I’m creating an earth-like moon that orbits a gas giant planet the size of Jupiter. The planet orbits its star at the same distance mars orbits the sun and it takes the moon 295 days to orbit its planet and 24 hours to rotate on its own axis.
How long would an eclipse last on the moon?
I will assume that the gas giant is about the same size and mass as Jupiter.
The orbital period of the satellite is given as 295 days. I will assume that this is the sidereal orbital period and the days are ordinary days 86,400 seconds long.
Our dear Callisto has a sidereal orbital period around our real Jupiter of about 16.7 days.

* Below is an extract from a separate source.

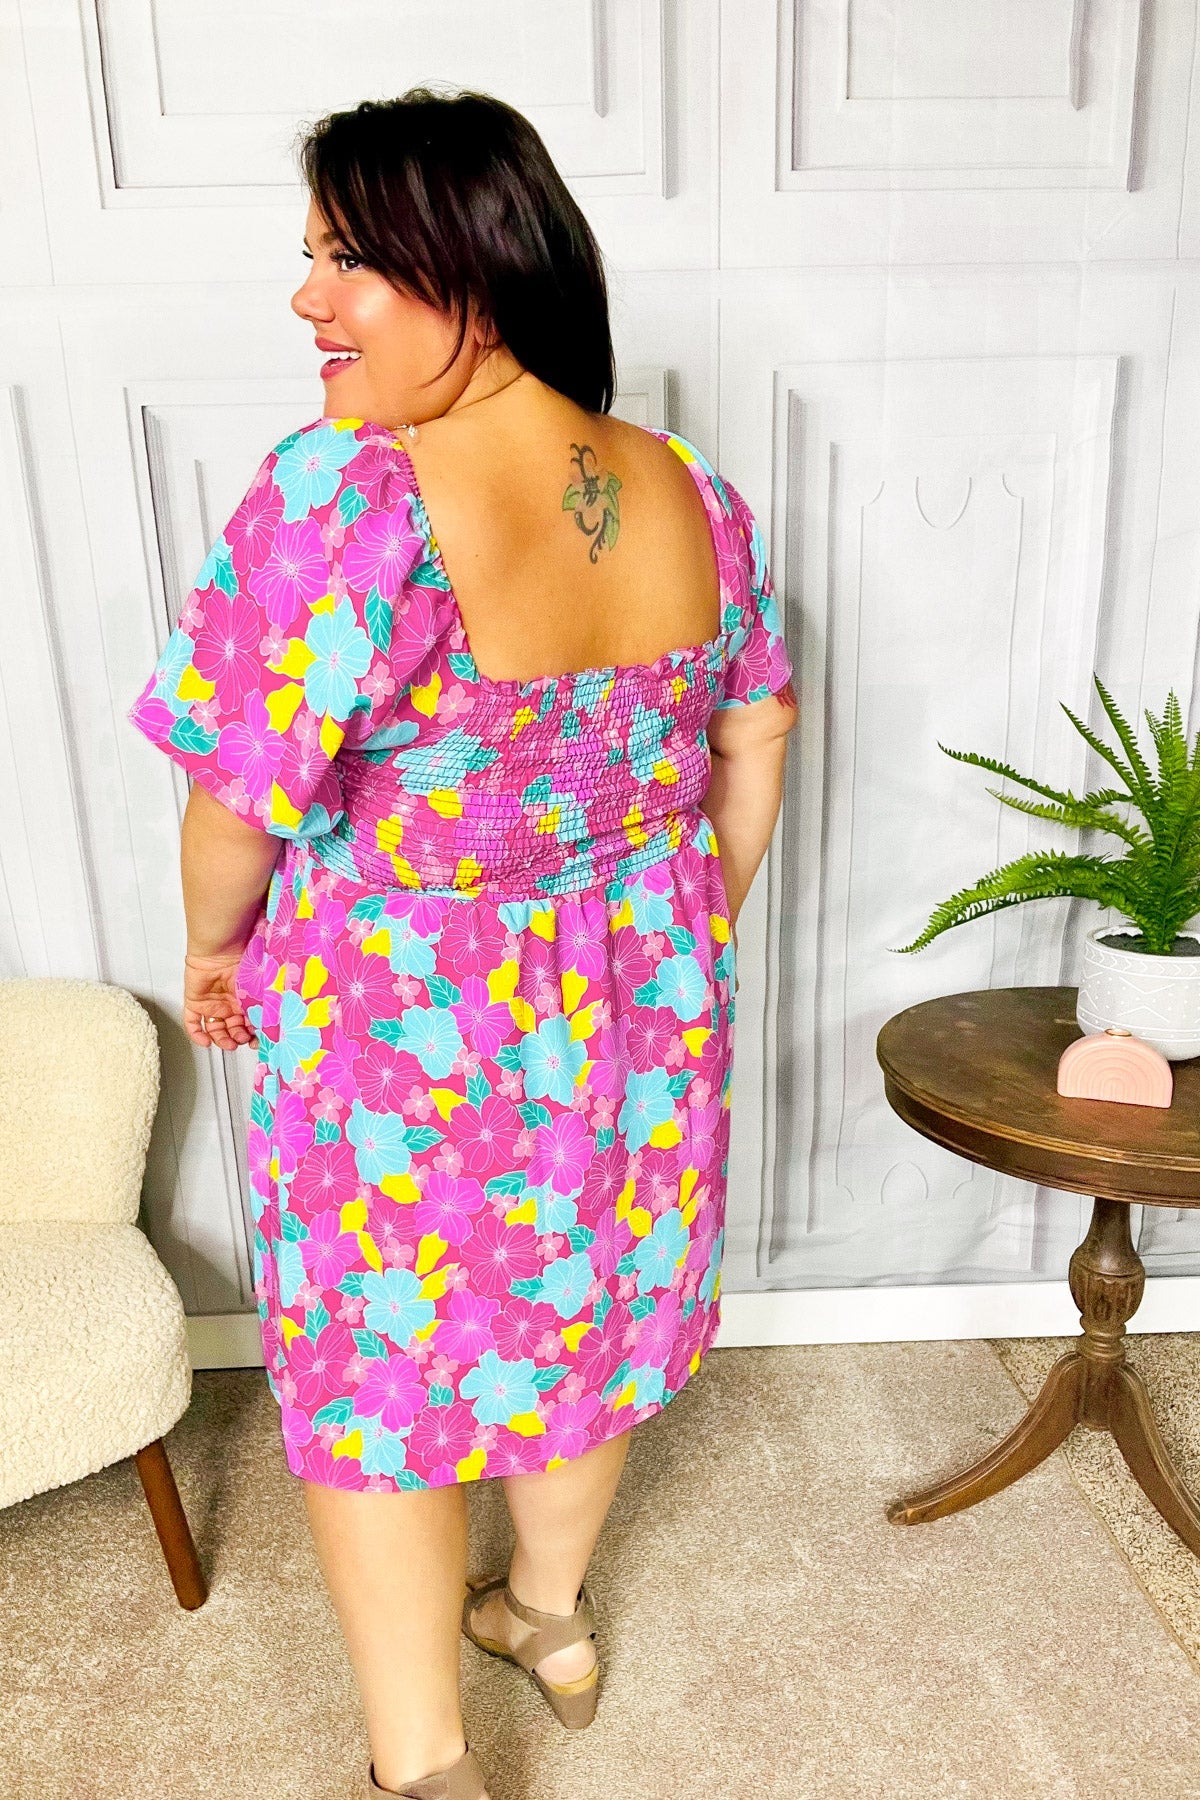 Vacay Vibes Fit & Flare Smocked Dress in Fuchsia

Kepler's third law of planetary motion assures us that the squares of the orbital periods are in the same proportion as the cubes of the semi-major axes of the orbits.
We can then compute that the semi-major axis of the orbit of the fictional satellite is
$$\sqrt[3]{\left(\frac{295}{16.7}\right)^2} \approx 6.8$$
times as large as the semi-major axis of the orbit of Callisto, or about 12,900,000 km.
Assuming that the star is of about the same size as out own Sun (not specified in the question) and given that the gas giant orbits the star at the same distance as Mars orbits our Sun, the gas giant's shadow will extend to a distance of about 22,000,000 km.
Jupiter has a diameter of about 133,700 km. At a distance of 12,900,000 km the shadow will have a diameter of 78,700 km, subtending an angle of about 0.006 radians or 0.34 degrees.
The satellite travels 360° on its orbit in 295 days, or about 1.2 degrees per day. (I'm too lazy to compute the synodic period.) It will cross the shadow of the planet in about 0.28 days or 6.8 hours.